## Data provided
################

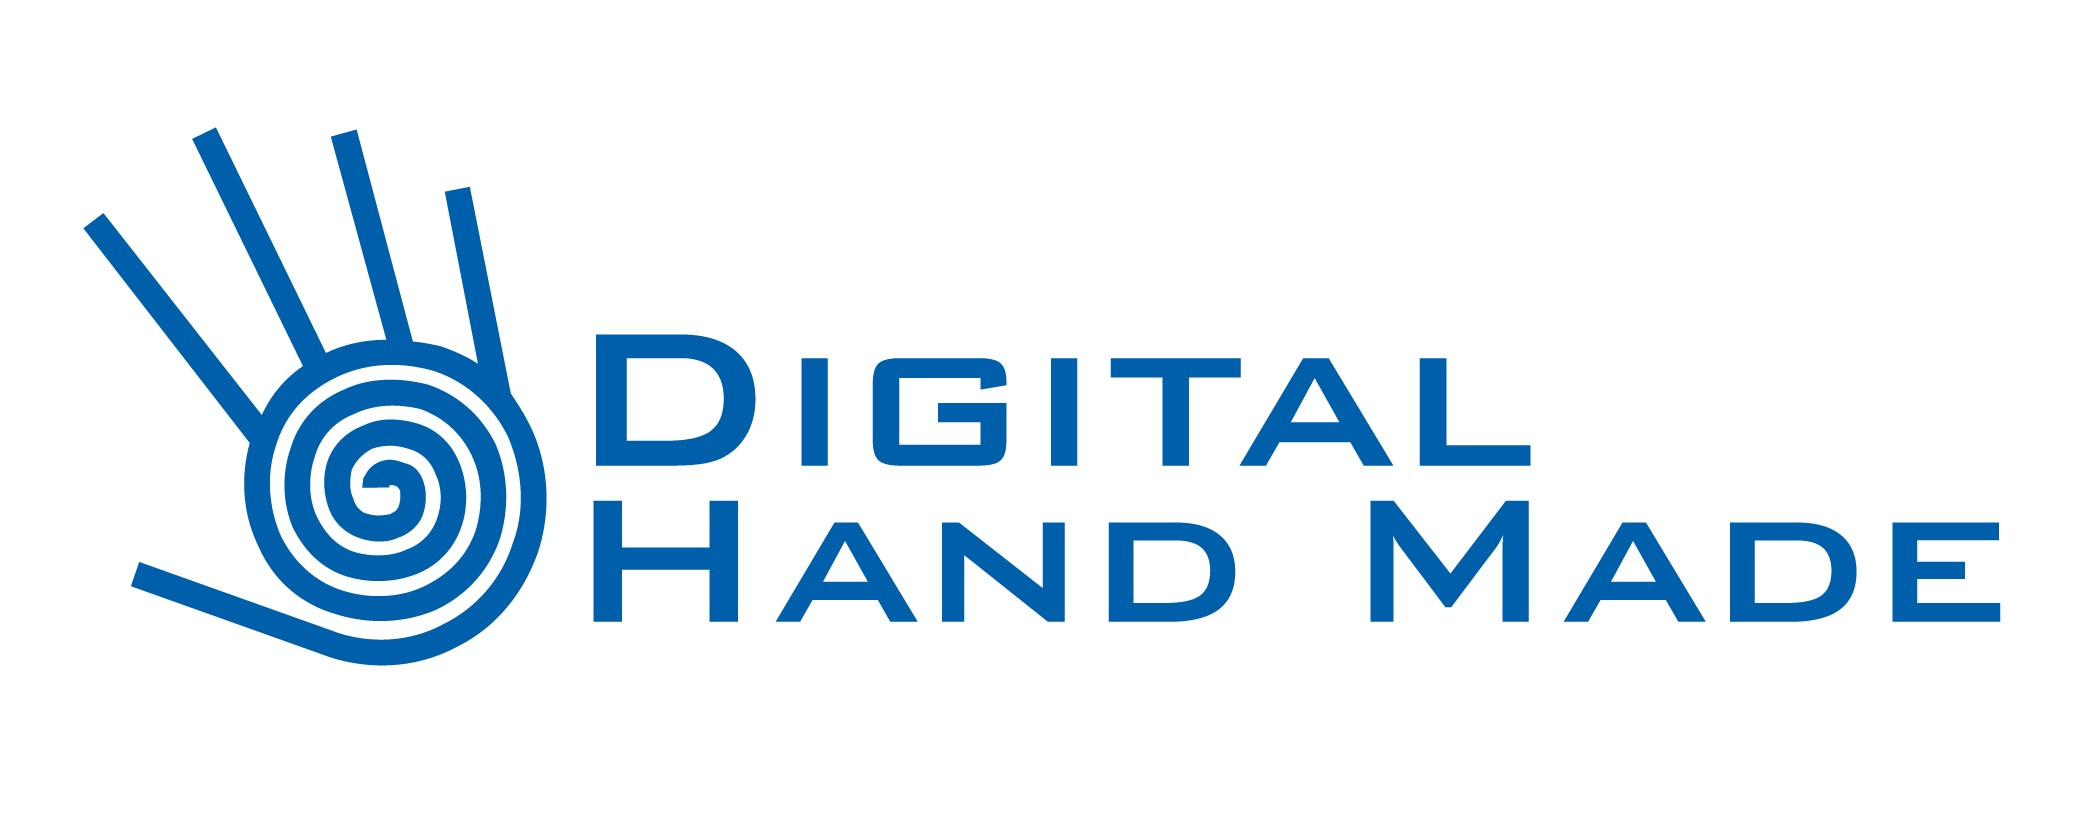 Digital Hand Made | LinkedIn
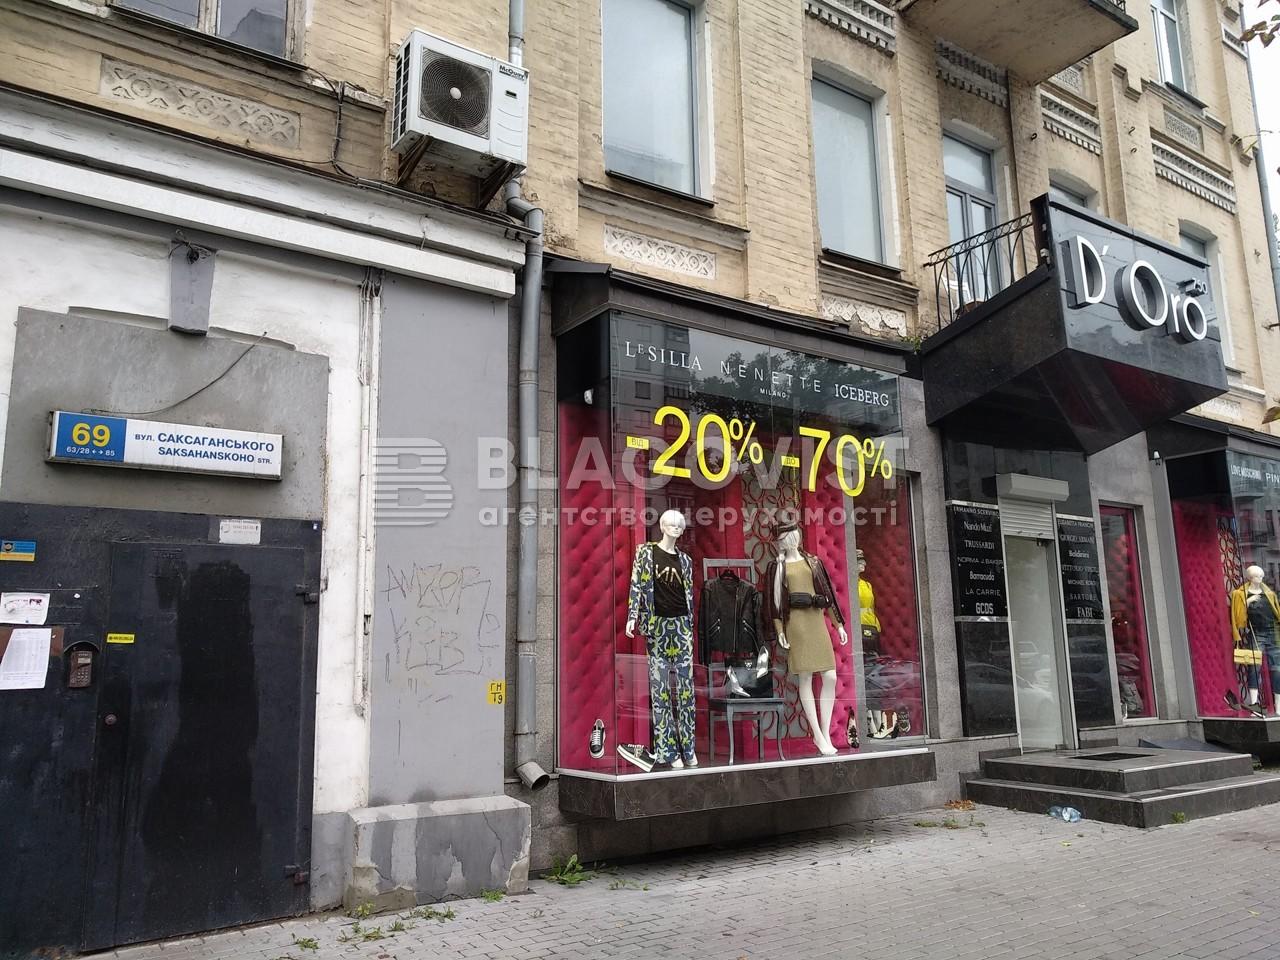 Квартира P-28706, Саксаганского, 69, Киев - Фото 9
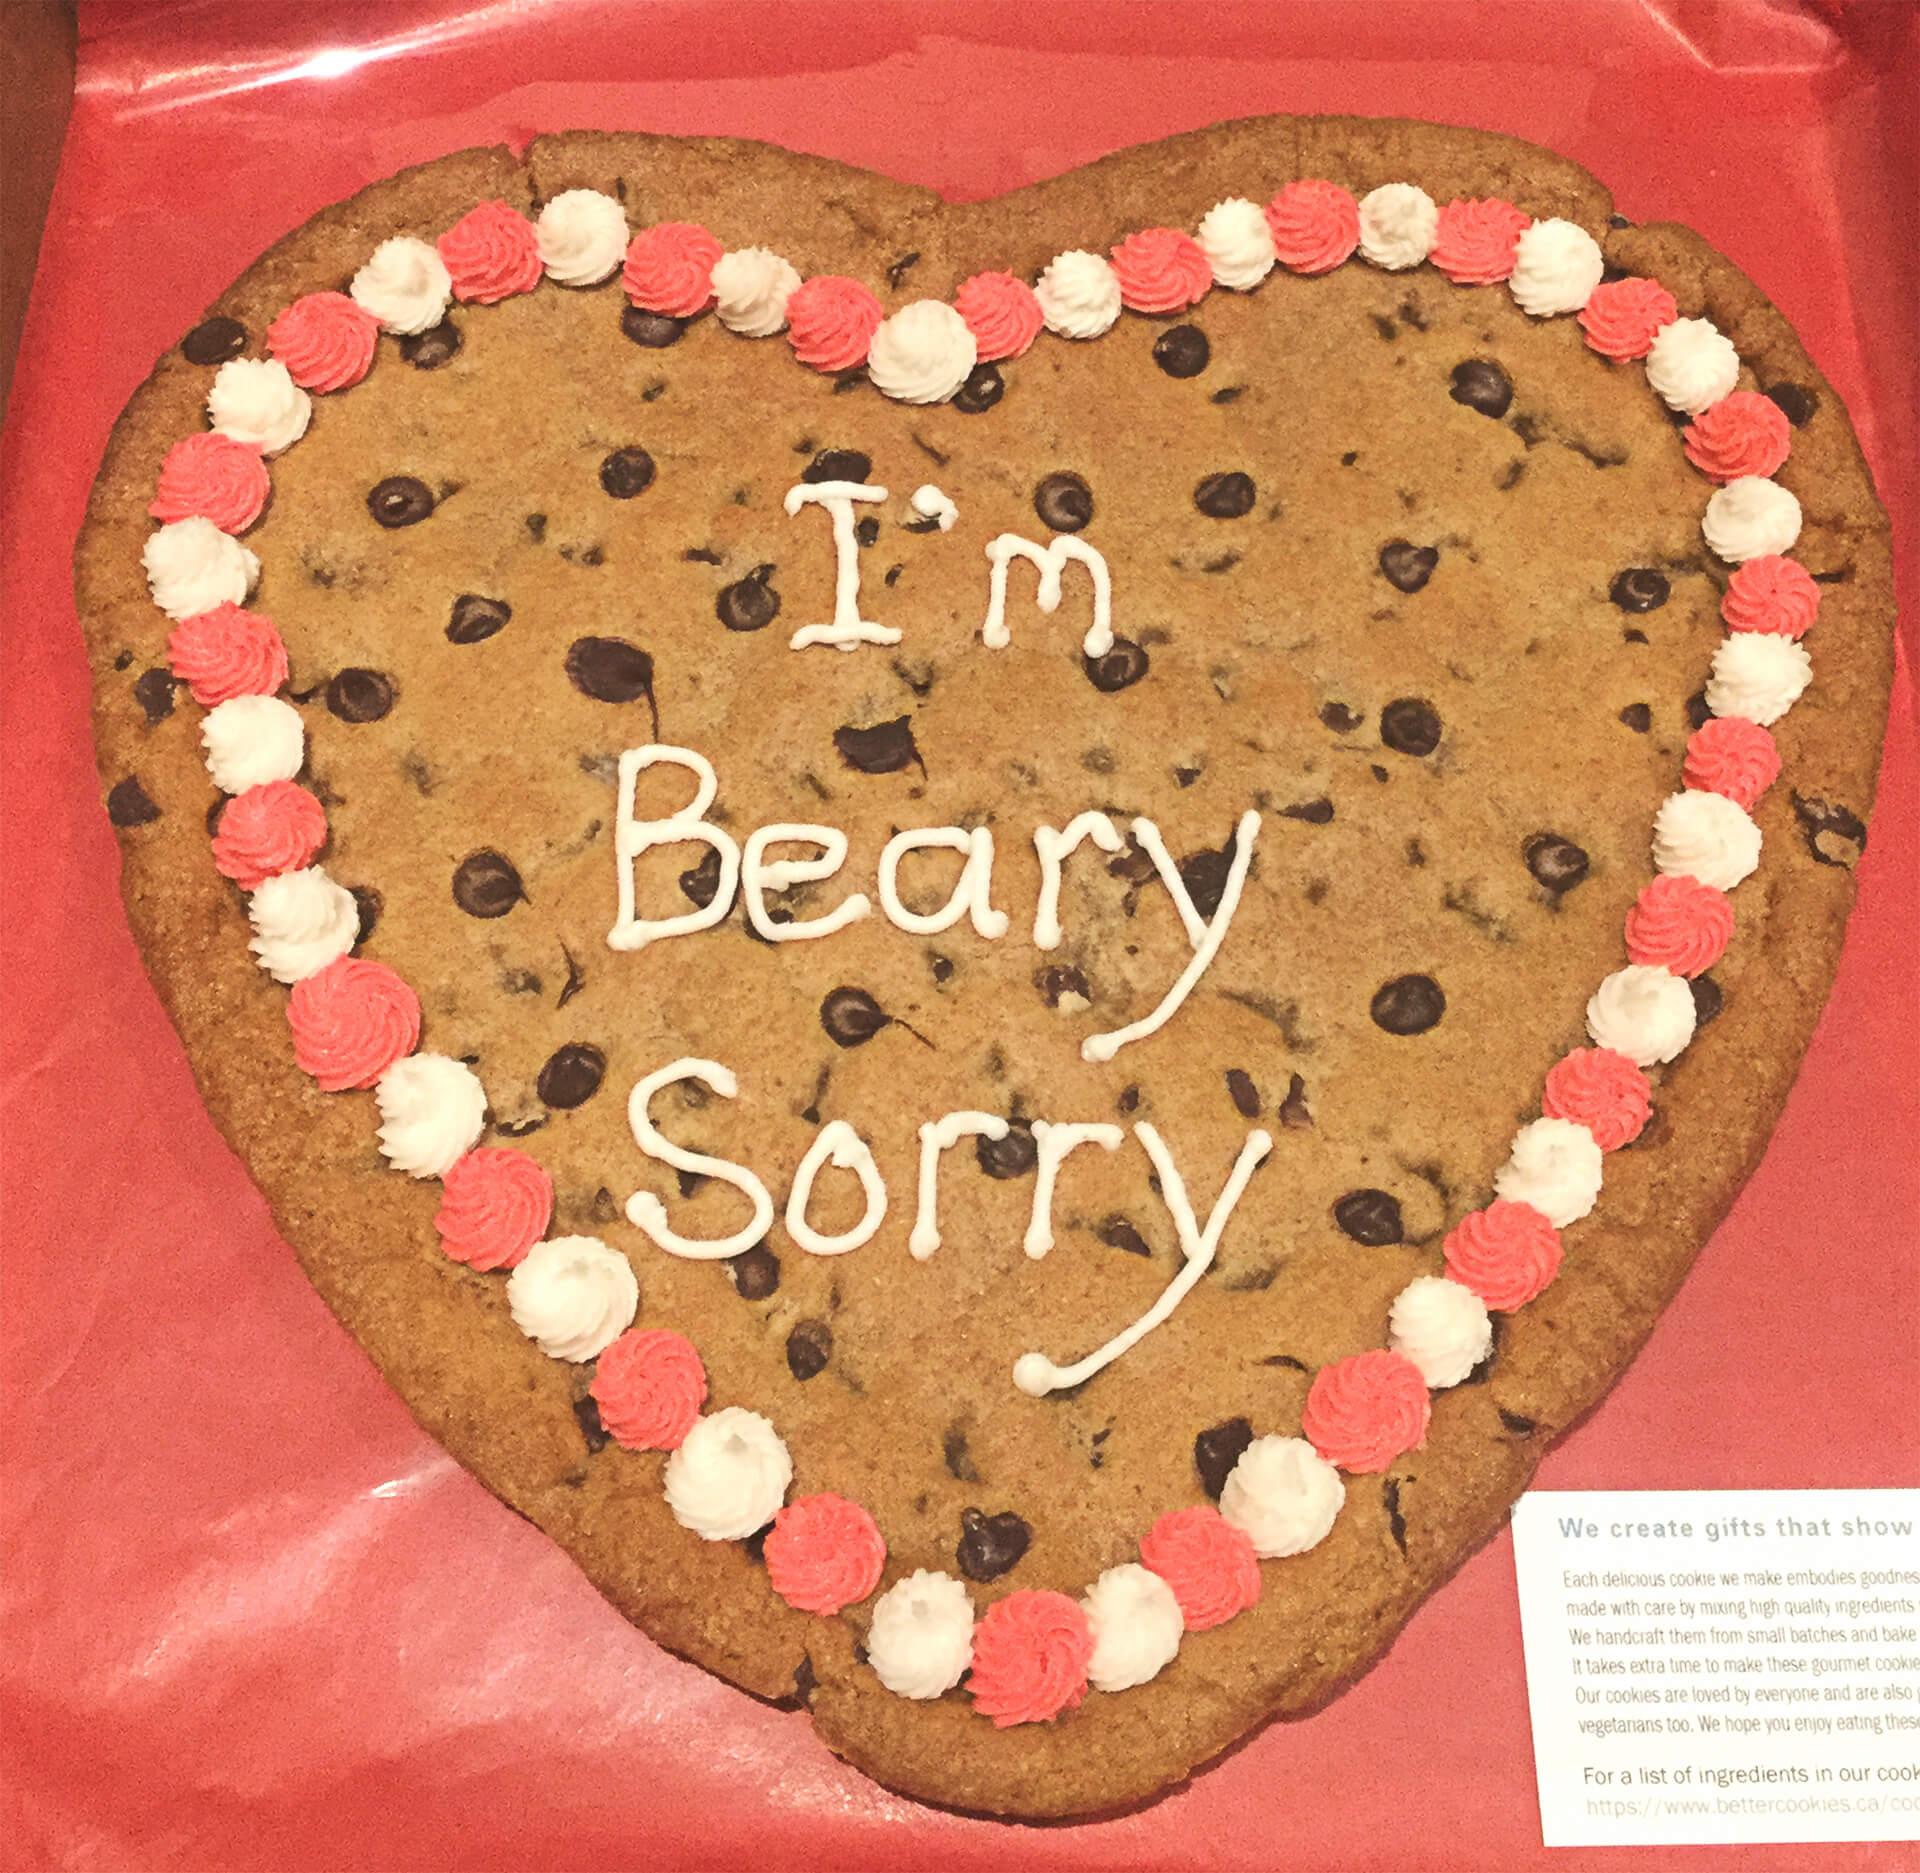 I'm Sorry Cookie gram

################

## Directions for this task
Write the lines from the one containing "Квартира P-28706, Саксаганского, 69, Киев" through the end of the data above exactly as they appear, and do not carry over any picture.

## Problem solution
 Квартира P-28706, Саксаганского, 69, Киев - Фото 9
 I'm Sorry Cookie gram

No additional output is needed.